Но к хорошему привыкаешь быстро, и отказаться от услуг иноверцев уже не было сил. Потому гастарбайтеры продолжали исправно хоронить православных.
Помню, как-то зимой отпевал усопшего. Гроб заносили и выносили из храма четверо похоронщиков: один наш и трое узбеков. Гроб внесли, а сами встали в тамбуре за стеклом, грелись и смотрели, как мы молимся. Один из узбеков тихонько прошел в уголок, прижался к теплой батарее и тут же уснул. Уснул и захрапел. В храме людей мало. Он храпит, и храп раздается под сводами. С одной стороны, мне неудобно перед людьми, а с другой – рабочего жалко. Он ведь не просто так уснул. Кивнул головой близким покойного, мол, как поступим? Те рукой – а, пусть спит. Не буди.
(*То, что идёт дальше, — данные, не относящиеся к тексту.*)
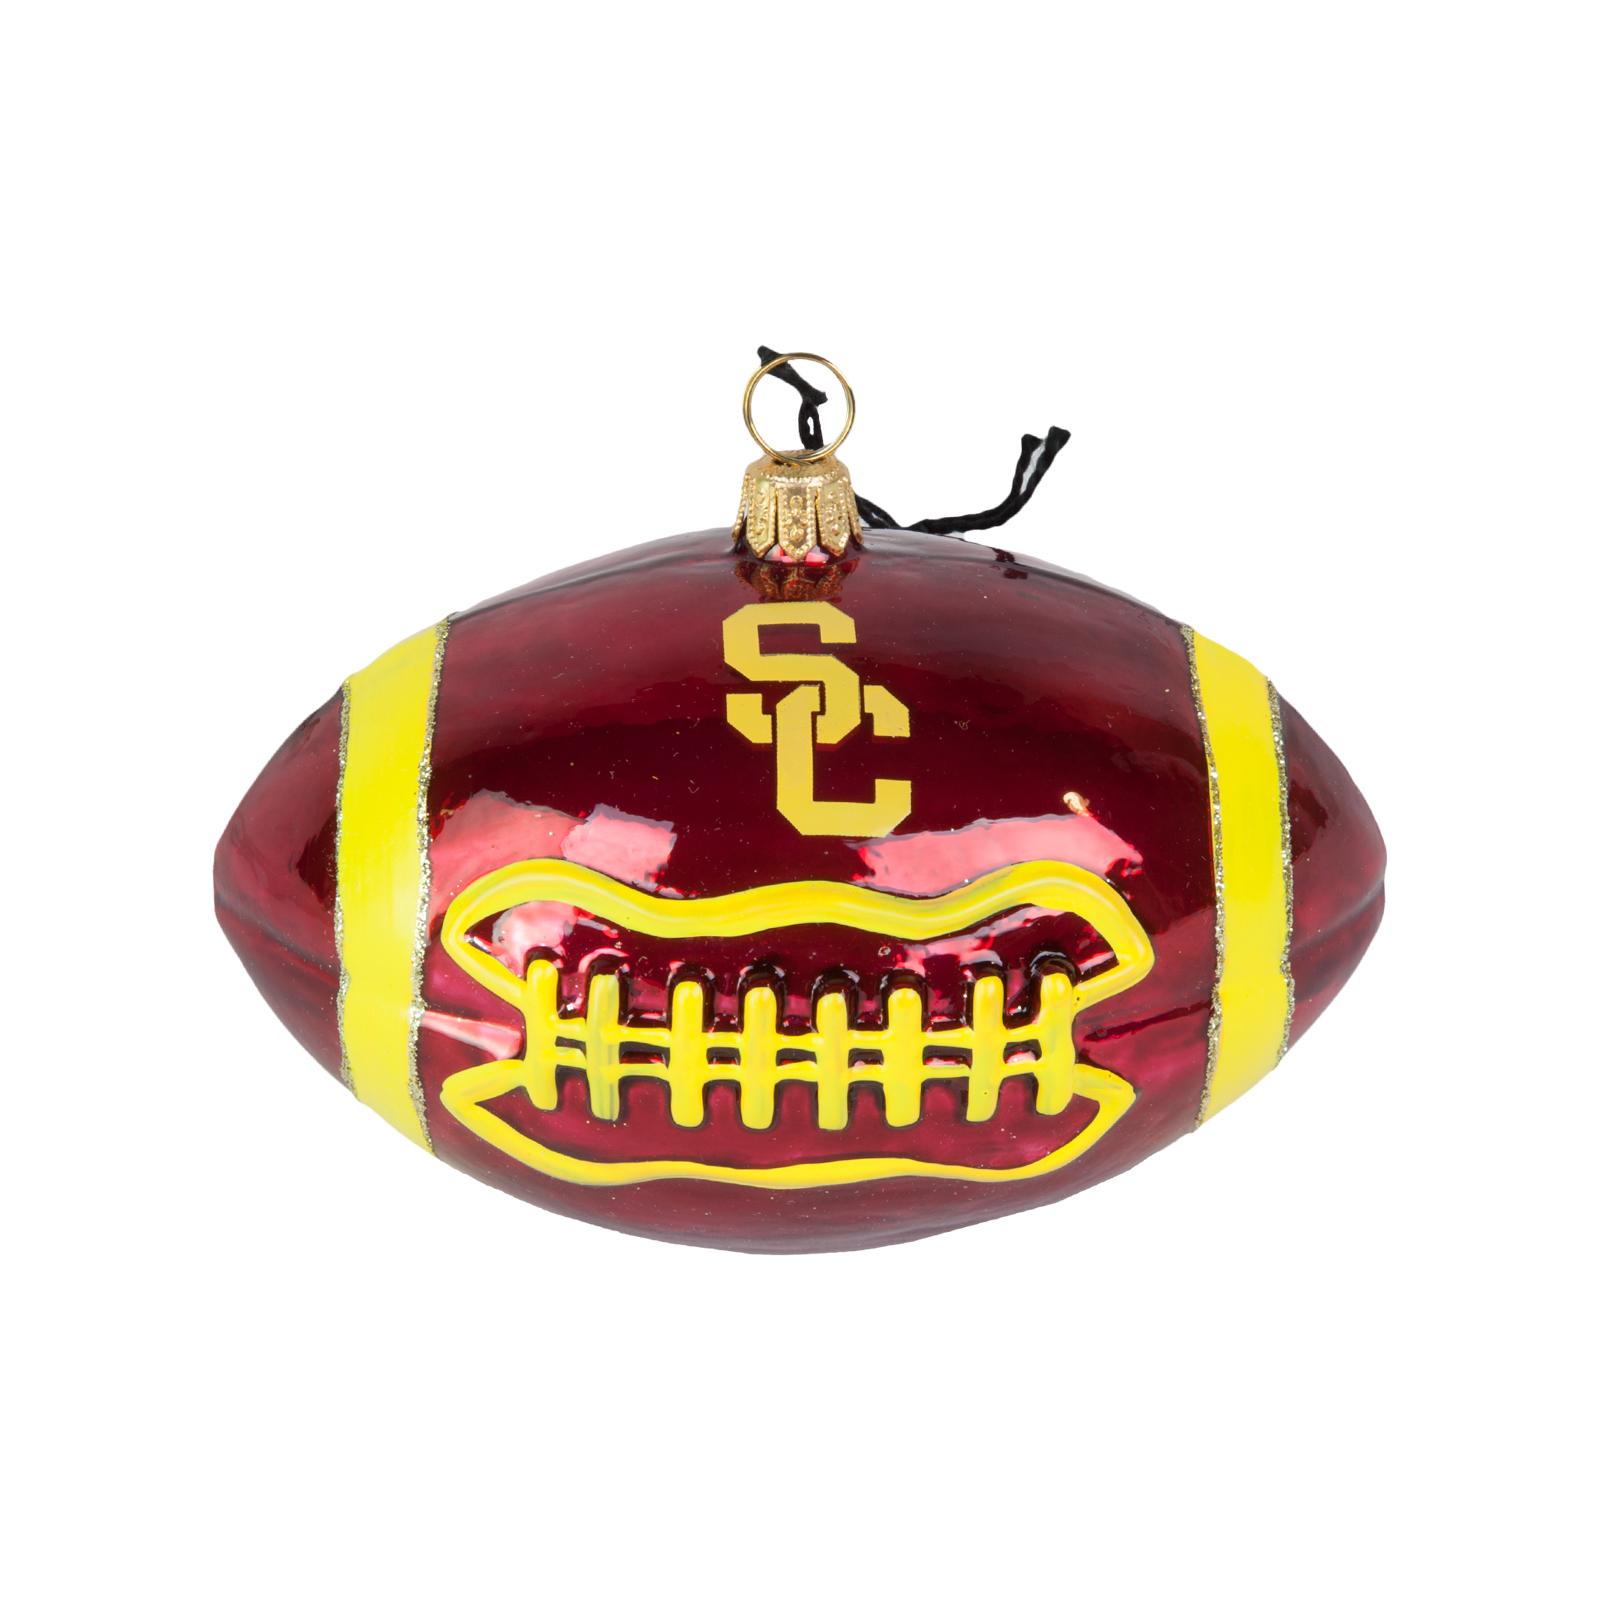 USC FOOTBALL ORNAMENT BY JOY TO THE WORLD image01

Так и отпевали. Я еще подумал, как хорошо получилось: первое доброе дело в память об усопшем человеке.
Сегодня узбеков нет, уехали. Потому работают все больше наши ребята, и опять появились «заморыши». Вспомнил, как отпевали одного мужчину, бывшего военного. Сердечника и потому очень грузного. В конце жизни он весил килограммов сто сорок. Еще и гроб из дерева, тоже нелегкий. Похоронщики все как на подбор худосочные алкоголики, хоть и молодые, а слабосильные. Как они вообще гроб до храма донесли? А как выносить стали, так на пути метров в пятьдесят два раза отдыхать останавливались. Помню, глядя на них, я еще подумал: «Начнут в могилу опускать, точно уронят. Да как бы их самих вслед за гробом не утащило».